2003 - A Rancho Cucamonga resident prepares to evacuate as flames from the Grand Prix Fire whip toward her north Rancho Cucamonga neighborhood on Oct. 24, 2003. The fire, one of the largest and most destructive in the history of the Inland Valley, started in Fontana and raced across the San Gabriel Mountains to Claremont and La Verne, destroying more than 130 homes and scorching nearly 60,000 acres. (Photo by Therese Tran)

The major Inland Empire wildfires of the first decade of the century all occurred in the late summer and early fall - and especially in October.

There have been 11 regional wildfires since 2000 that burned more than 12,000 acres. Total acres charred are in the millions, with countless blazes chewing through a few thousand acres at a time.

The blazes left hundreds homeless and cost millions of dollars.
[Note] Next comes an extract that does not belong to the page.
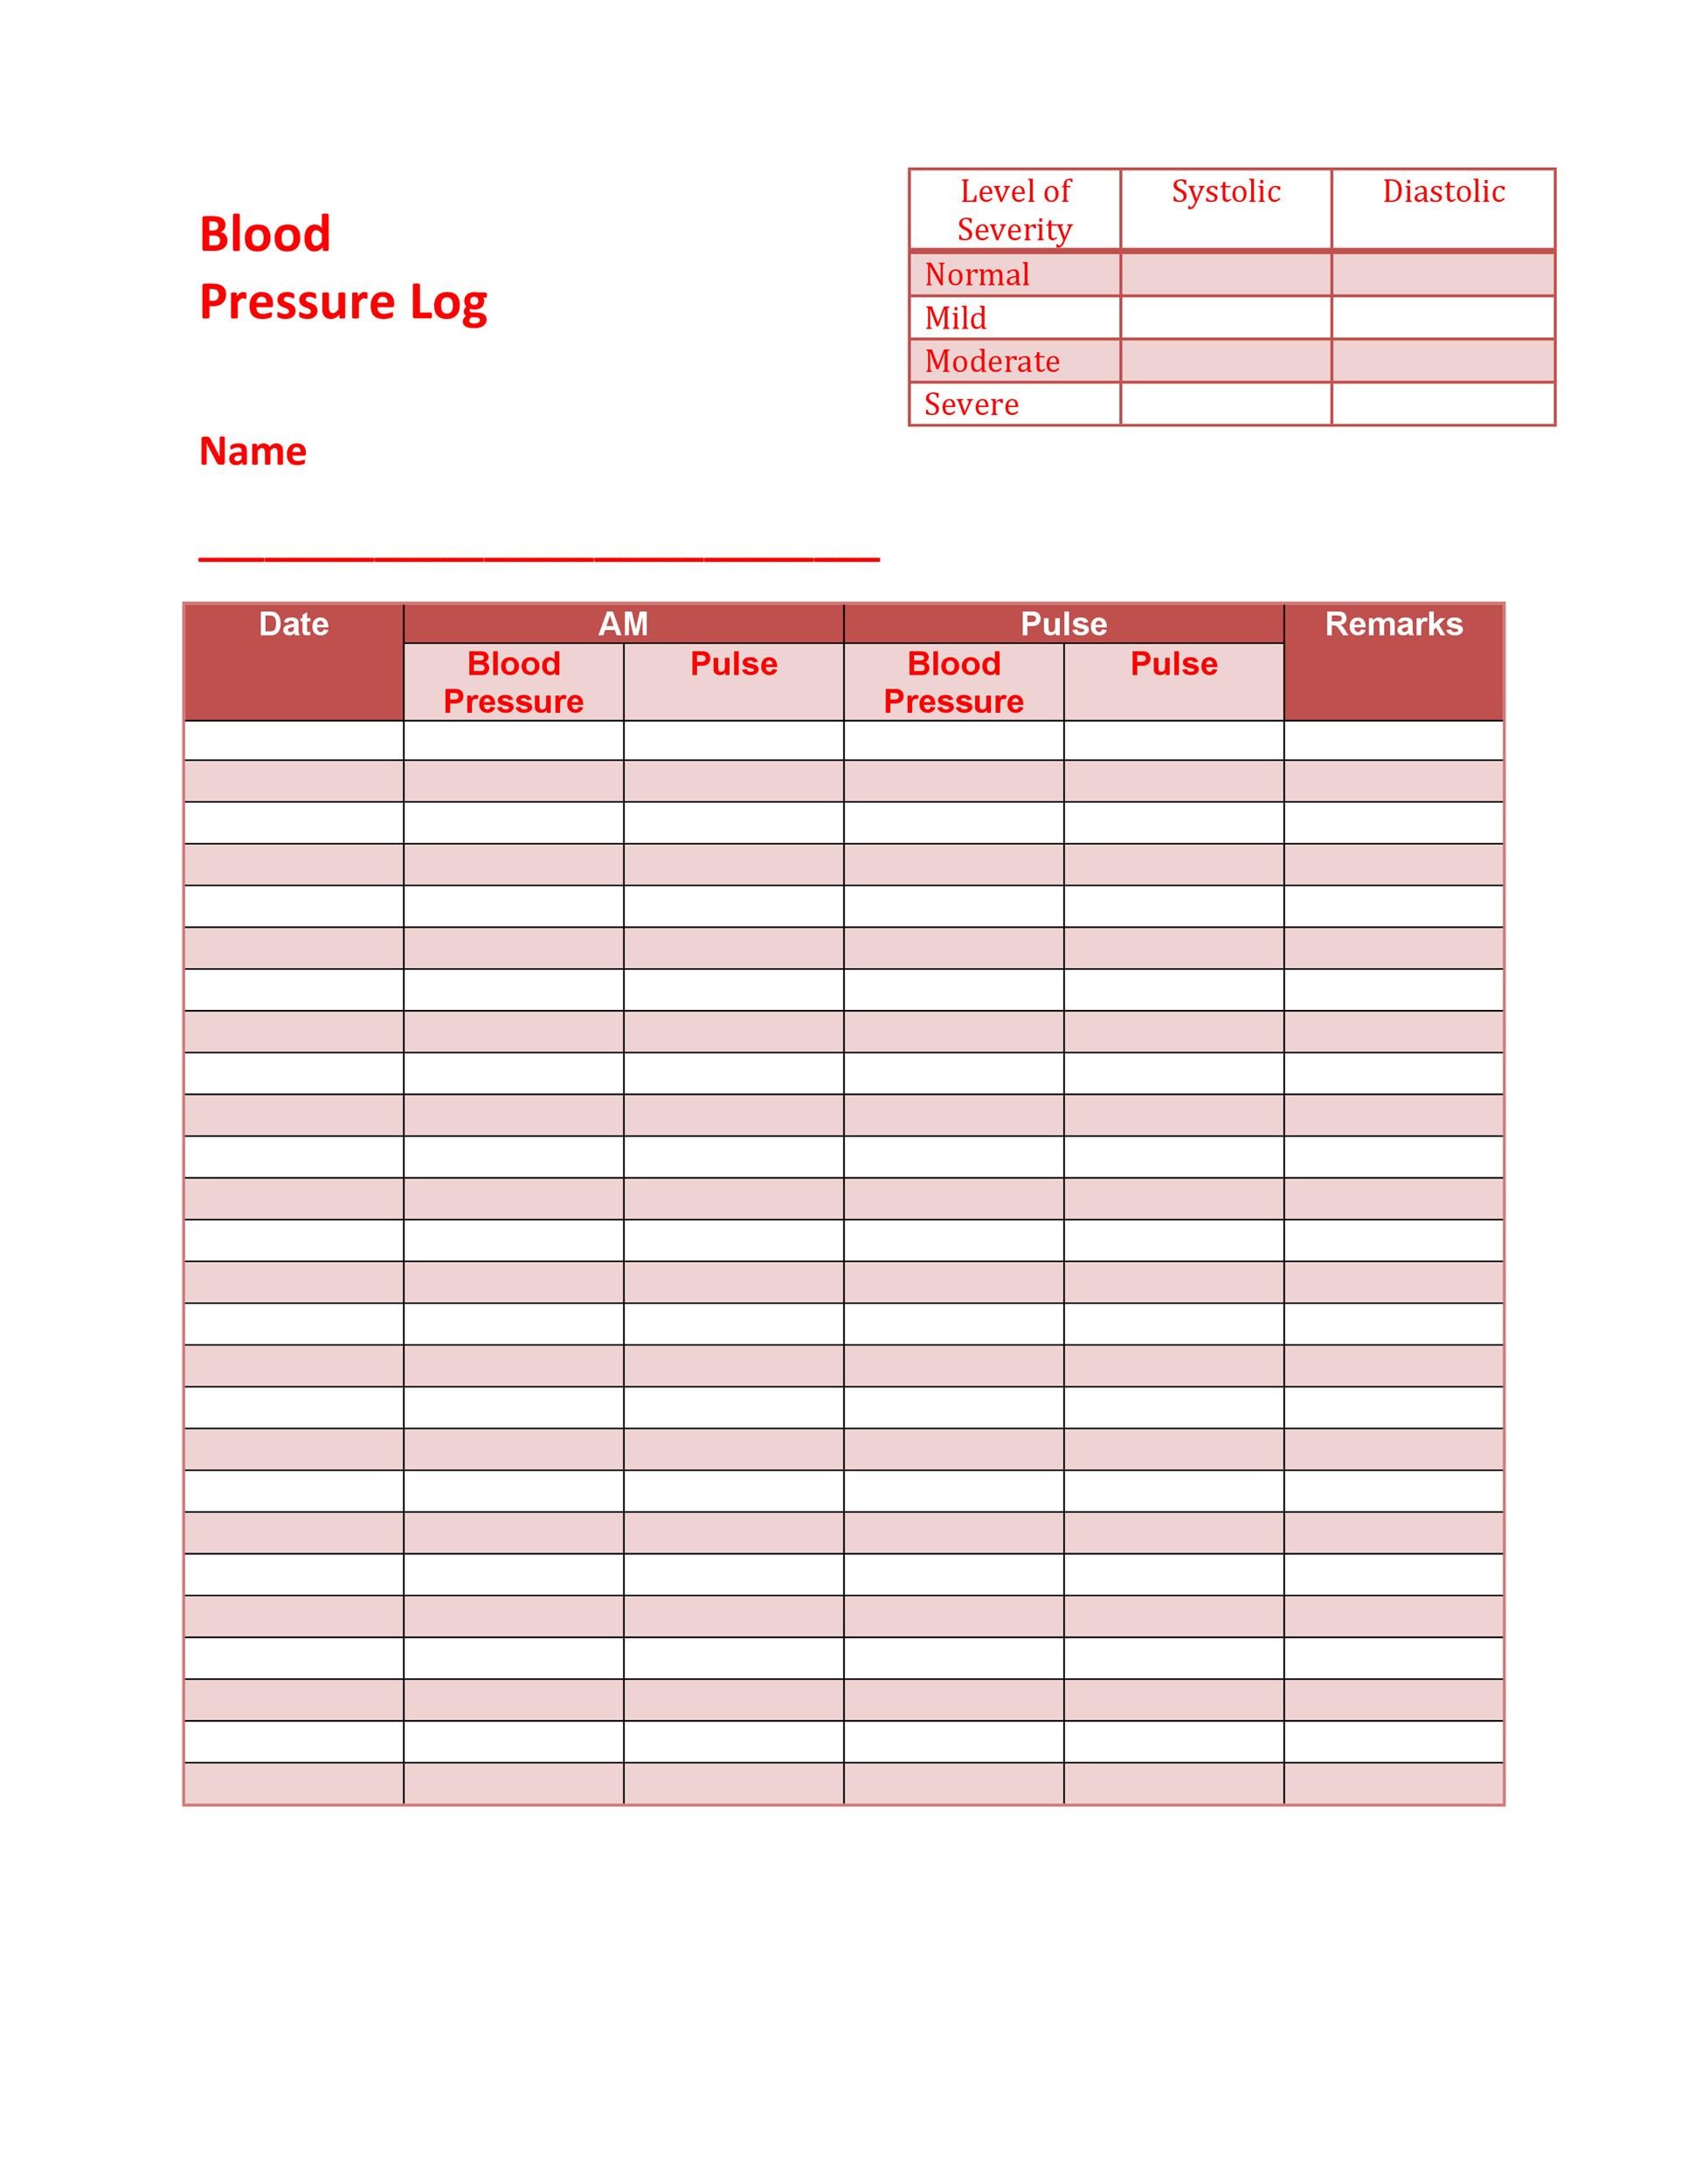  Blood pressure log excel template

Some of them killed residents and firefighters; half were caused by humans.

"Something is changing here," said U.S. Forest Service spokesman John Miller. "The season is getting longer, the fires are getting larger, and they're happening more frequently."

October of 2002 and 2003 brought three significant blazes to the foothills and high country of the San Gabriel and San Bernardino mountains.

The Williams Fire consumed 37,240 acres and burned 76 structures between Sept. 22 and Oct. 1, 2002 in the Angeles National Forest between Azusa and Claremont.

That set the stage for the two-fire wallop in late October 2003 that just about brought the Inland Empire to its knees.

For nearly three weeks, more than 150,000 acres of chaparral and forest were charred by the Grand Prix and Old fires, mostly in the San Bernardino National Forest.

The Grand Prix fire began as a small blaze near a foothill neighborhood in Fontana but exploded two days later with the arrival of Santa Ana winds. It burned nearly 60,000 acres as it raced across the San Gabriels from Fontana to the edge of La Verne.